Limp Bizkit also get stuck in sameness, but while Everlast tries to tackle big themes, Limp Bizkit settle for hip-hop’s simplest trope: the successful rapper surrounded by jealous “haters.” Unlike Puff Daddy, however, Limp Bizkit front man Fred Durst has reason to think the world – or at least rock critics and fellow musicians like Trent Reznor – are out to get him. Thanks to “Nookie,” Durst has become a symbol of rap-rock misogyny, and the band’s calamitous performance at Woodstock ‘99 – which climaxed in Durst’s asking fans to heed the words of “Break Stuff” – has been blamed for much of what went wrong with the festival, from the riots to the rapes.

Limp Bizkit’s new album, Chocolate Starfish and the Hot Dog Flavored Water (Interscope), begins with Durst’s offensive against Reznor (“You wanna fuck me like an animal,” he complains, in an interpolation of Nine Inch Nails’ “Closer”) and continues in the same vein (“My Generation” advises “Don’t fuck with this generation”).
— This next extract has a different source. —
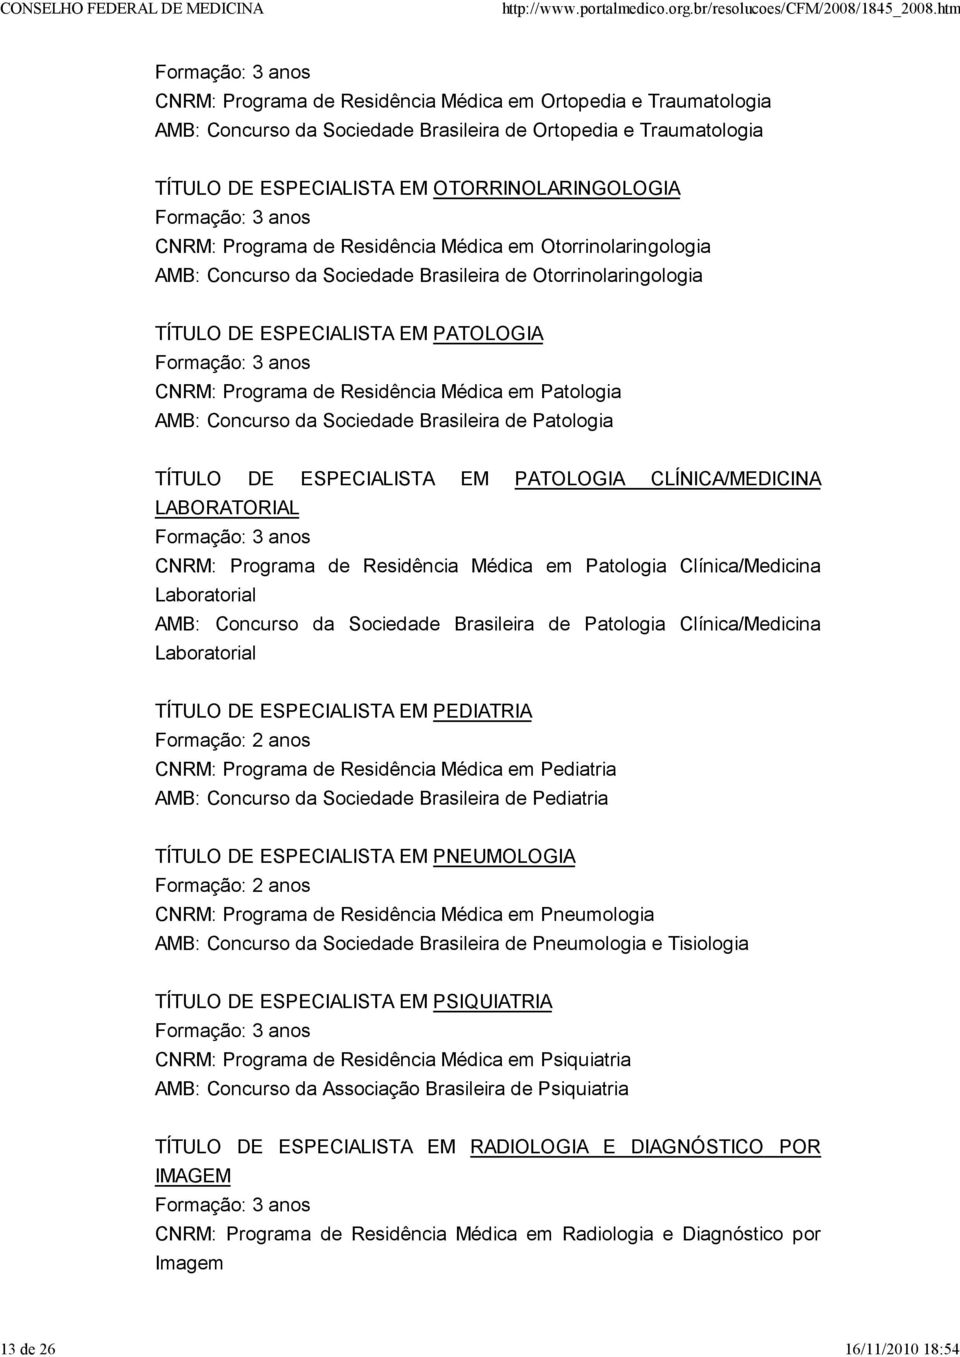 Residência Médica em Patologia AMB: Concurso da Sociedade Brasileira de Patologia TÍTULO DE ESPECIALISTA EM PATOLOGIA CLÍNICA/MEDICINA LABORATORIAL CNRM: Programa de Residência Médica em Patologia
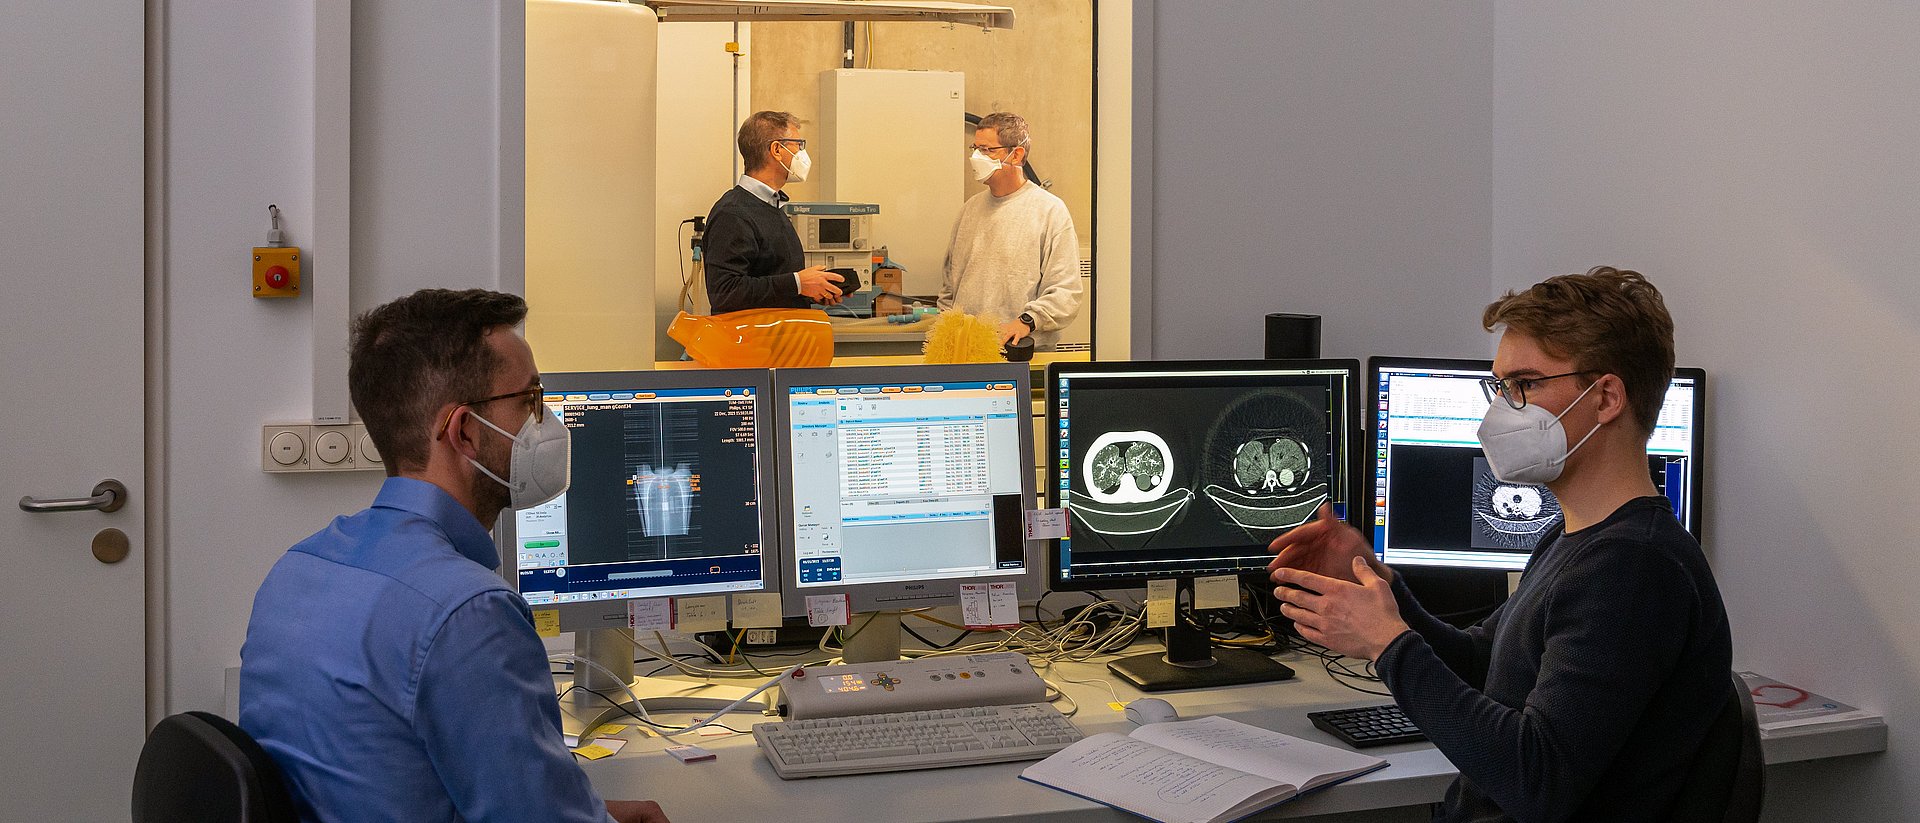 Prof. Dr. Franz Pfeiffer (hinten links), Professor für Biomedizinische Physik, und sein Team kombinieren in einem Prototyp klassische Röntgen-Computertomographie und Dunkelfeld-Röntgenverfahren (hinten rechts: Dr. Thomas Koehler, vorne links: Clemens Schmid, vorne rechts: Manuel Viermetz).

Elsewhere, Durst offers his piggish take-it-or-leave-it stance on relationships ("It’s my way or the highway,” he gleefully whines on “My Way”), his fantasies of the hip-hop high life ("Livin’ It Up”), and his delight with obscenity ("If I say fuck two more times that’s 46 fucks in this fucked-up rhyme”). Limp Bizkit’s music is just as predictable, complete with scratches, guitar squalls, and mosh-pit crescendos.

The lie at the center of Durst’s music (and to some extent, Eminem’s) is that anti-everything outrageousness is what separates the men from the boy bands. But as Durst’s duet with Christina Aguilera on the MTV Video Music Awards proved, the line between the two is erasable with a phone call from Viacom.